В этих словах «ты здесь» бабушка умудрилась дать Сабине понять, что та опоздала. «Что творится с этими людьми? – с тоской подумала Сабина. – Зачем им планировать все по минутам?»

– Собаки стащили твою тапку, – выкрикнула бабушка из соседней комнаты, но дед, похоже, не расслышал.

После некоторых колебаний Сабина решила не передавать это сообщение. Зачем ей отвечать за результат?

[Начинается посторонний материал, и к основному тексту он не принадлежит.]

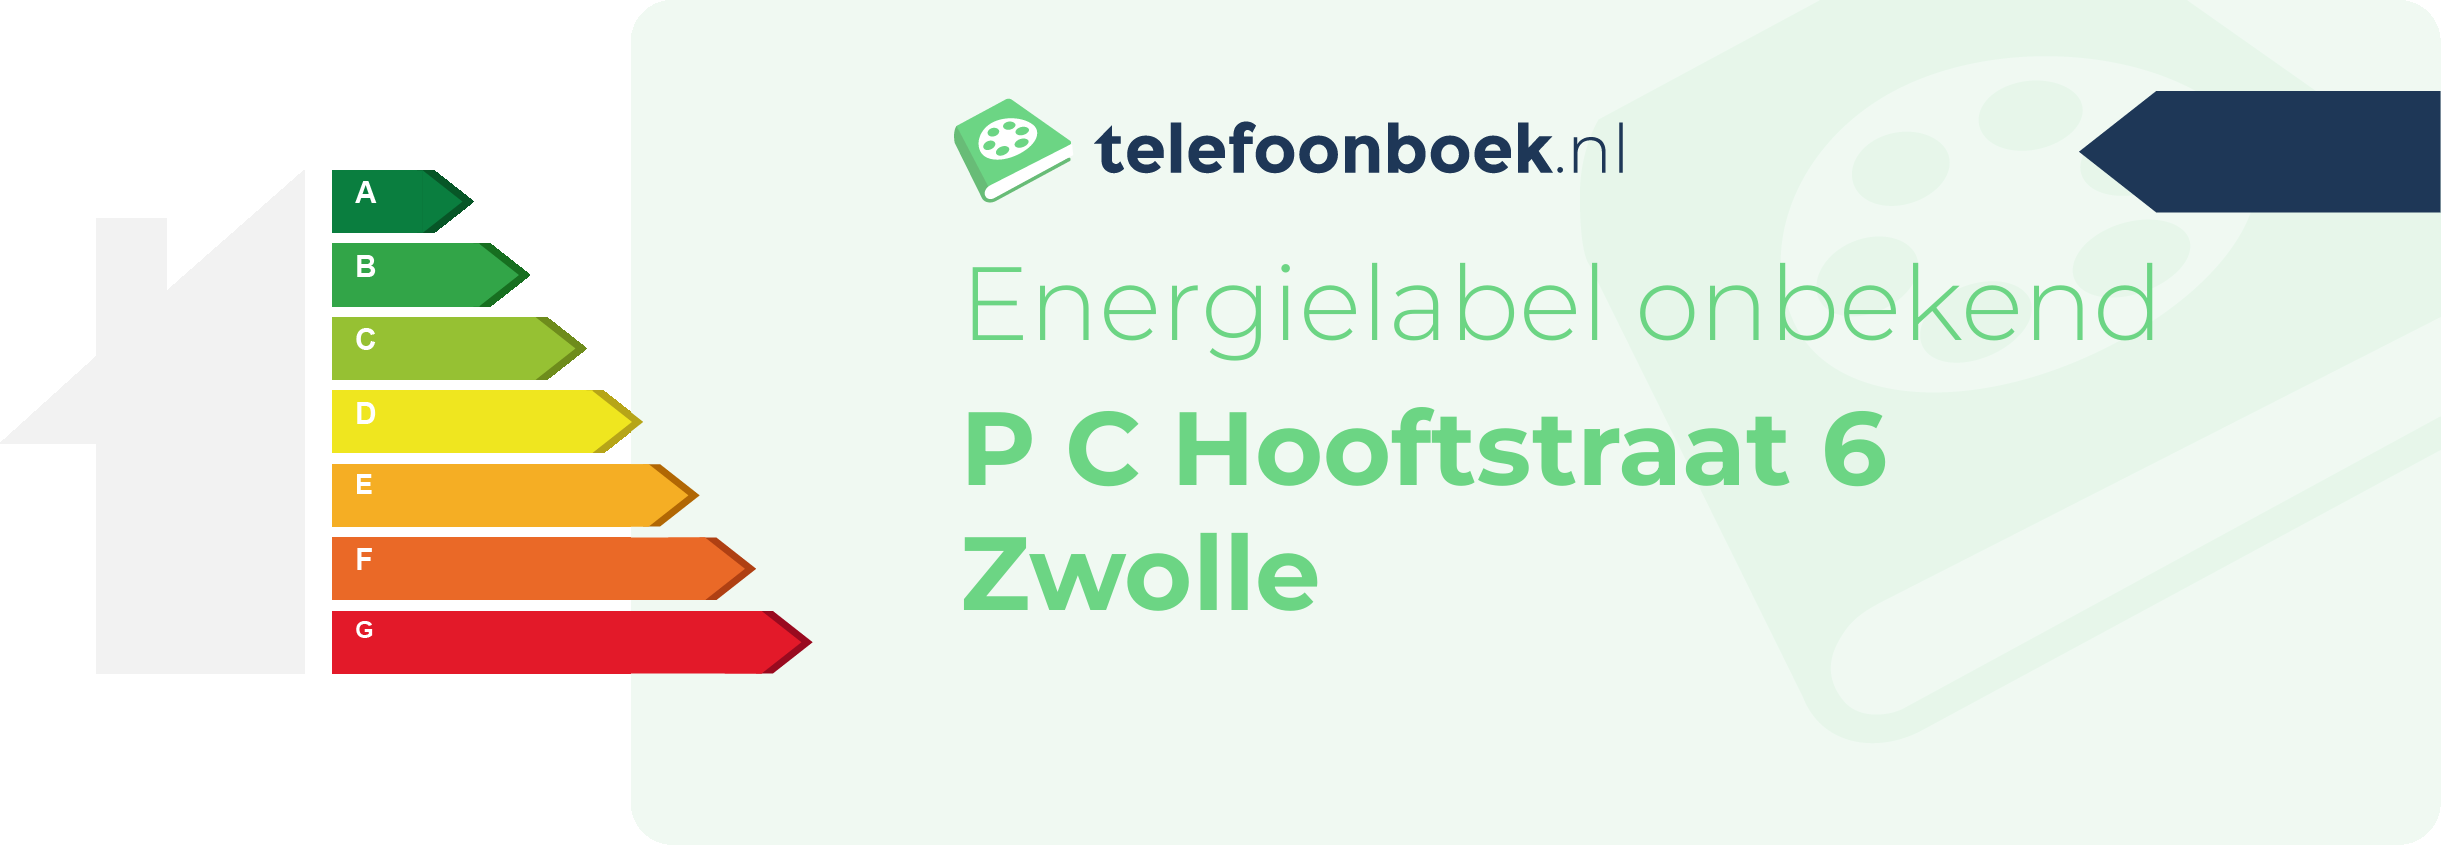 Energielabel P C Hooftstraat 6 Zwolle

Суп был овощной. Настоящий, не консервированный, с кусочками картофеля и капусты. Сабина съела – хотя дома отказалась бы, – потому что проголодалась в этом холодном жилище. Признаться, суп был довольно вкусный.

Все сидели в молчании, и Сабина решила, что следует проявить дружелюбие, поэтому сказала:

– Суп вкусный.

Дед медленно поднял лицо, с шумом прихлебывая суп из ложки. Она заметила, что белки глаз у него молочно-белые.

– Что?

– Суп, – громче повторила она. – Он очень вкусный.

Минут через девять в холле пробили часы. Послышался судорожный вздох невидимой собаки.

Старик повернулся к жене:

– Она говорит про суп?

– Сабина говорит, он вкусный, – не поднимая глаз, громко подтвердила бабушка.

– Ох-ох! Что это? – спросил он. – Не пойму, что за вкус.

– Картошка.

Сабина поймала себя на том, что прислушивается к тиканью часов в холле. Казалось, тиканье становится громче.

– Картошка? Ты сказала, картошка?

– Верно.

Долгая пауза.

– А в нем нет сладкой кукурузы?

– Нет, дорогой. – Бабушка промокнула рот полотняной салфеткой. – Никакой кукурузы. Миссис Х. знает, что ты не любишь кукурузу.

Дед повернулся к своей тарелке, изучая содержимое.

– Я не люблю кукурузу, – медленно произнес он, обращаясь к Сабине. – Ужасная гадость.

Сабина боролась с истеричным желанием смеяться и плакать одновременно. У нее было ощущение, что она попала в какую-то ужасную второсортную телепрограмму, в которой остановилось время и никто не спасется.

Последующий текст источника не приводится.